Group decision making has become increasingly important in the world of work for many reasons. One is that a greater proportion of jobs now involve cognitive work, so just as individual workers shifted from physical to cognitive work, so did groups. Another force promoting the use of groups is the effort to increase representation and participation in organizational and societal decision making. Decisions that might have once been dictated by an authority are now made by a group representing various levels and segments of the population. Much of the current group research occurs in the context of organizational theory and practice (Sanna and Parks 1997)

The growth in the practice of using groups for decision making has been accompanied by a similar growth in the study of cognition in groups. The benefits of this research extend to all groups because all groups, regardless of their purpose, are dependent on cognitive processes for functioning. Simply put, people must coordinate their individual processes of attention, reasoning, judgment, memory, etc. during interaction in order to achieve their common goal. Group decisions are essential to coordination, and occur at many points during interaction.
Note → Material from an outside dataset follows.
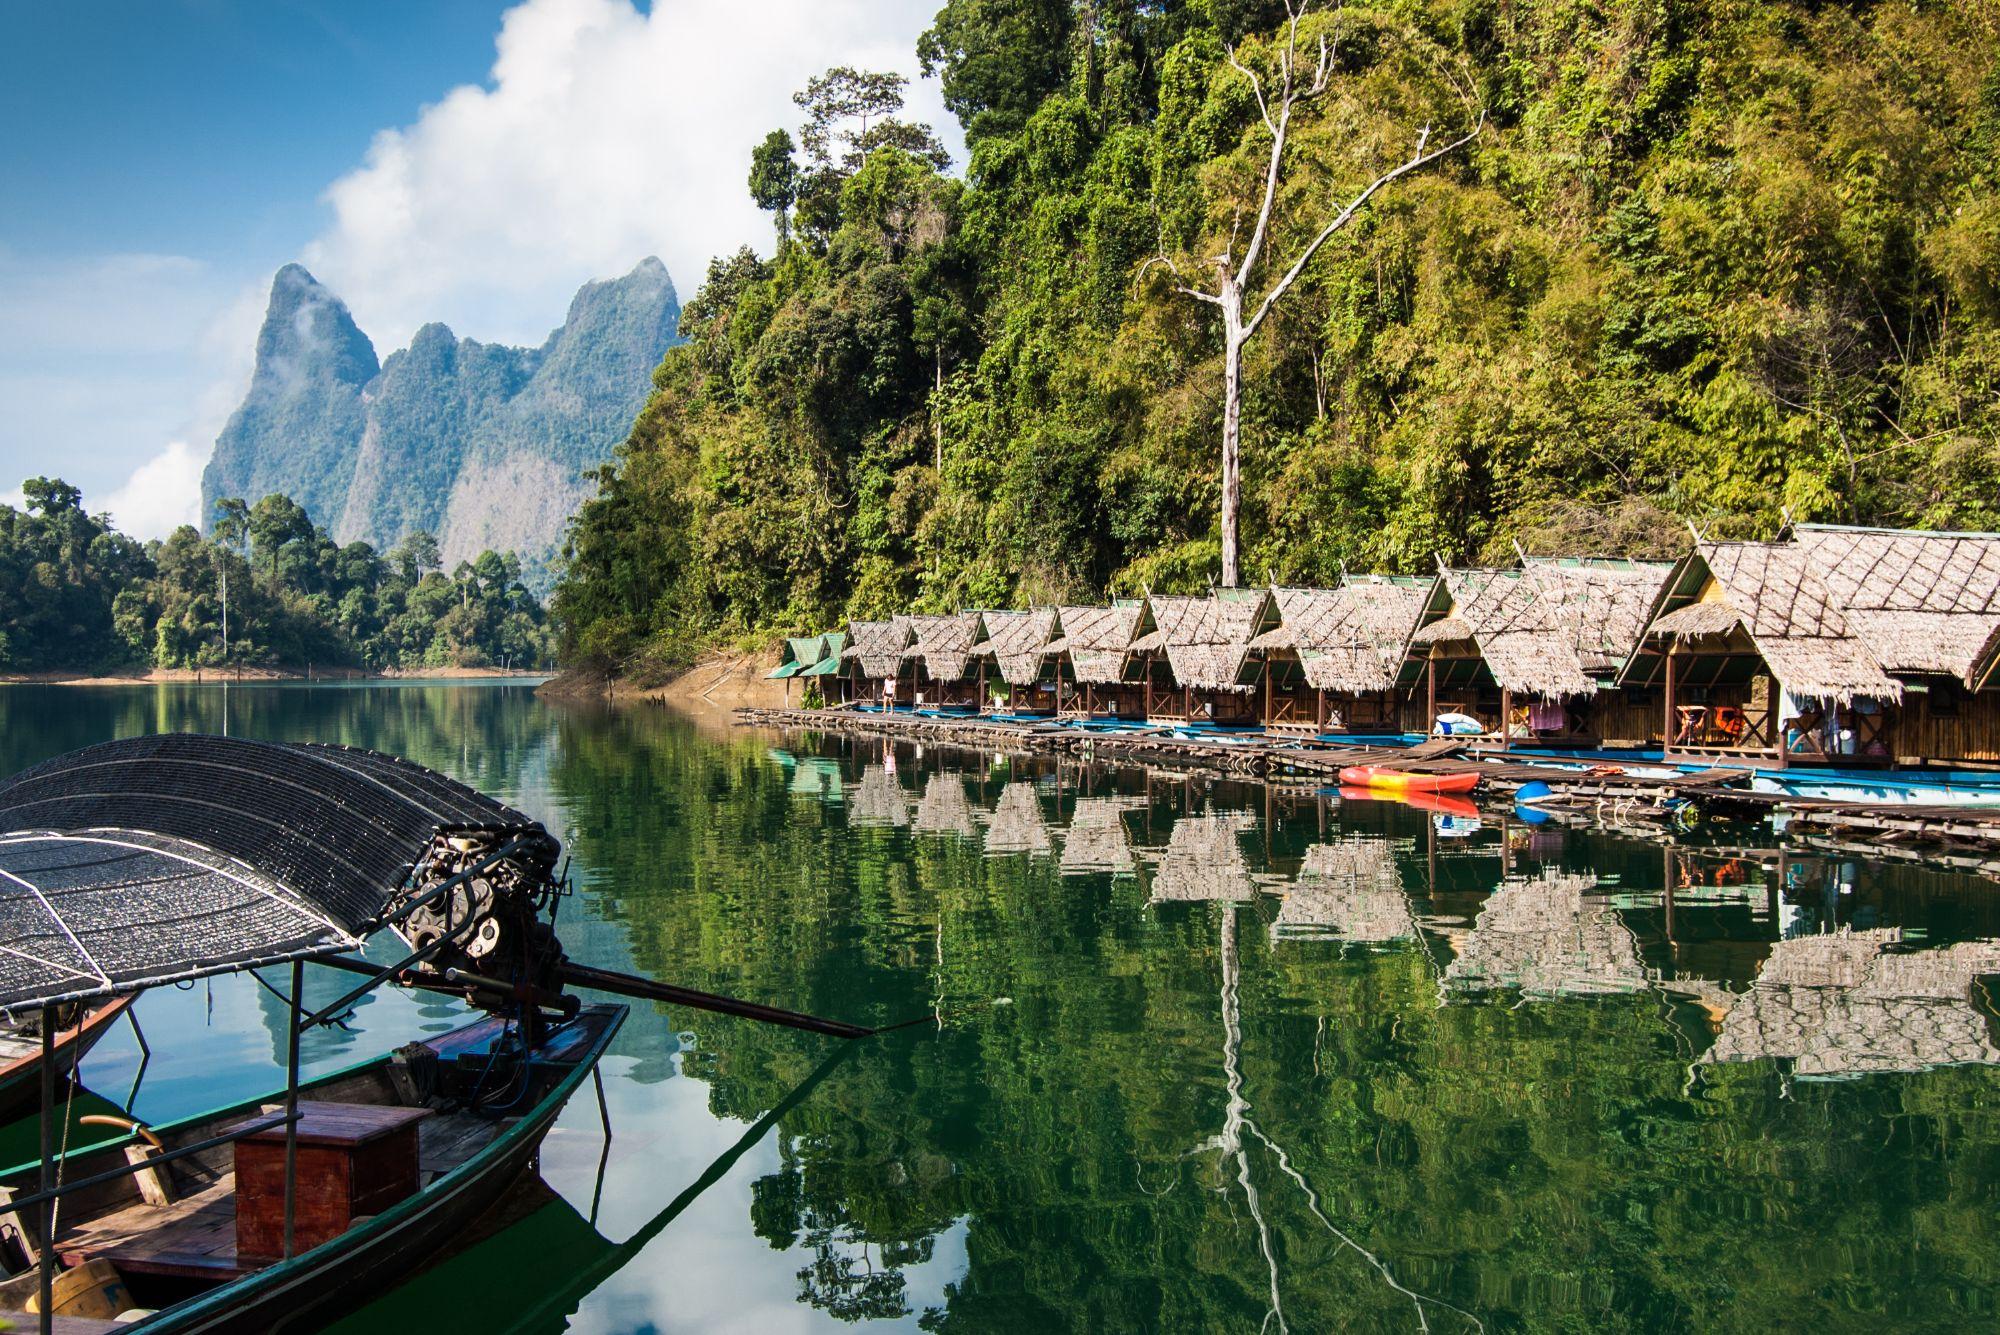 Thailand Khao Sok National Park Cheow Lan Lake rivier drijvende huizen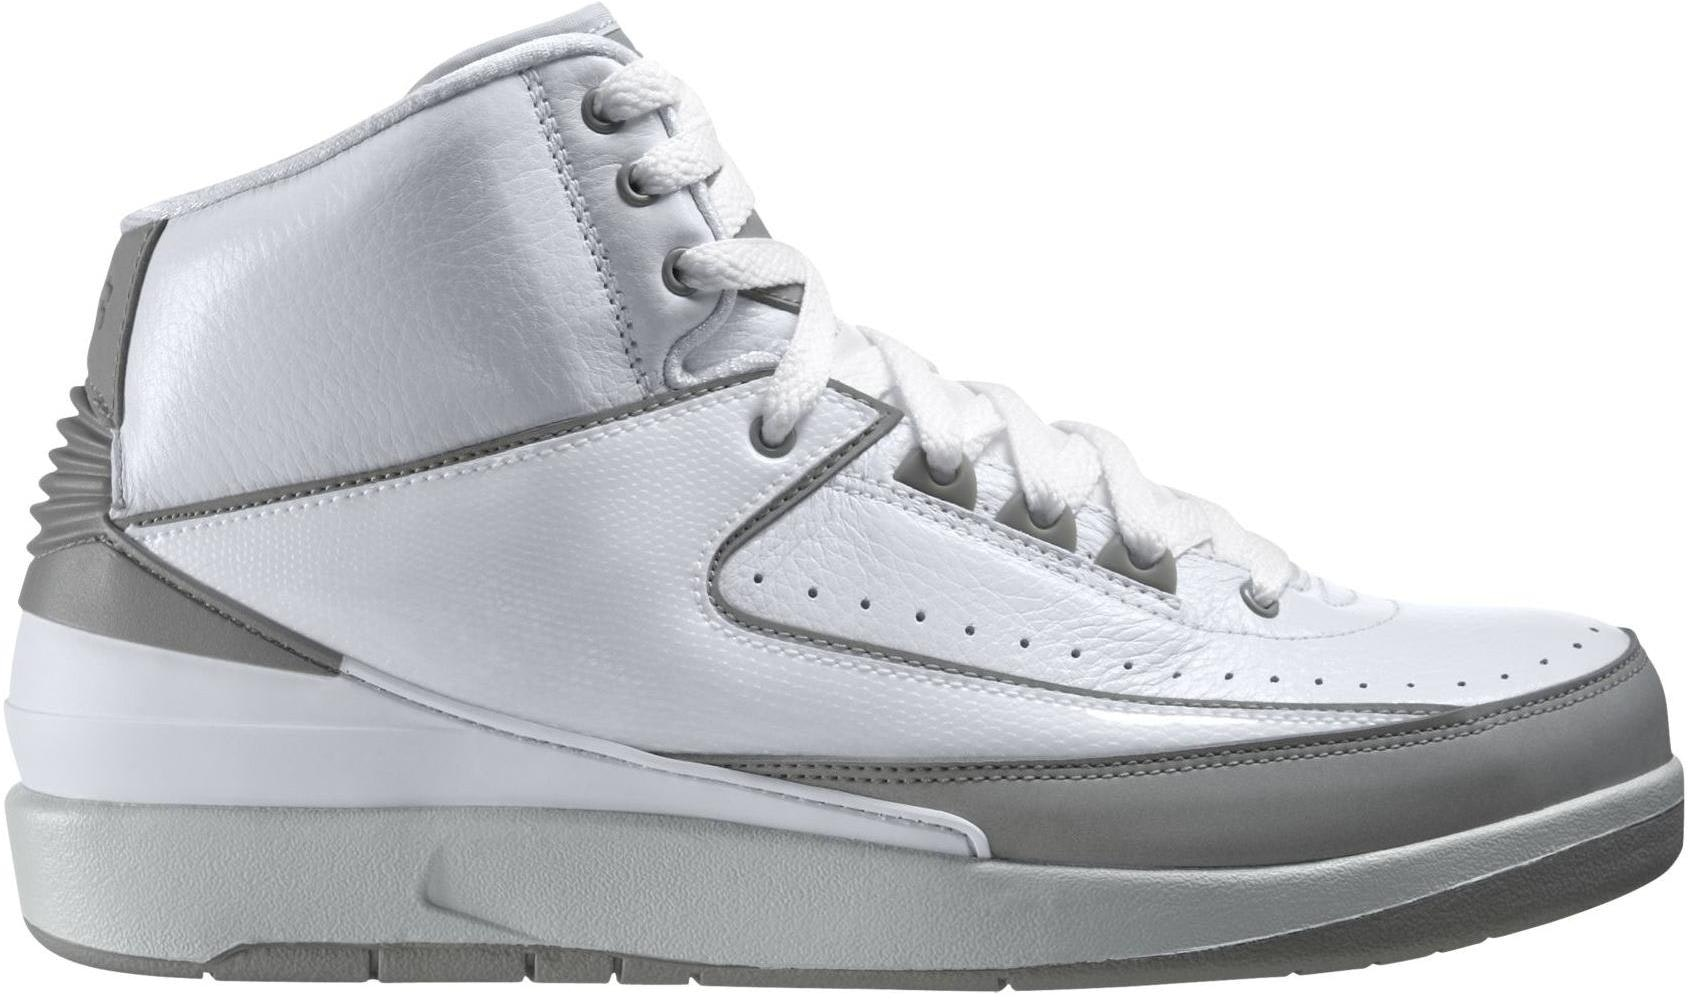 Jordan 2 Retro Silver Anniversary

A group must choose its goal and the nature of the process that will be used to achieve it, select information deemed relevant, and integrate information, beliefs, etc. to determine the group’s course of action.




The influence of ‘real-world’ practice is evident by the efforts at realism in modern group decision making research. Whereas early group research used games, trivial and ‘eureka’ decision problems, research tasks now capture such essential features of real decisions as the inability to know, with certainty, the quality of the decision at the time it is made. Motivational issues are taken more seriously by, for example, using incentives for making good decisions to reflect better the consequences facing persons in decision making groups. Other advances in group decision making research are the use of ongoing groups, and the study of interactions using technology (email, videoconferencing, etc.).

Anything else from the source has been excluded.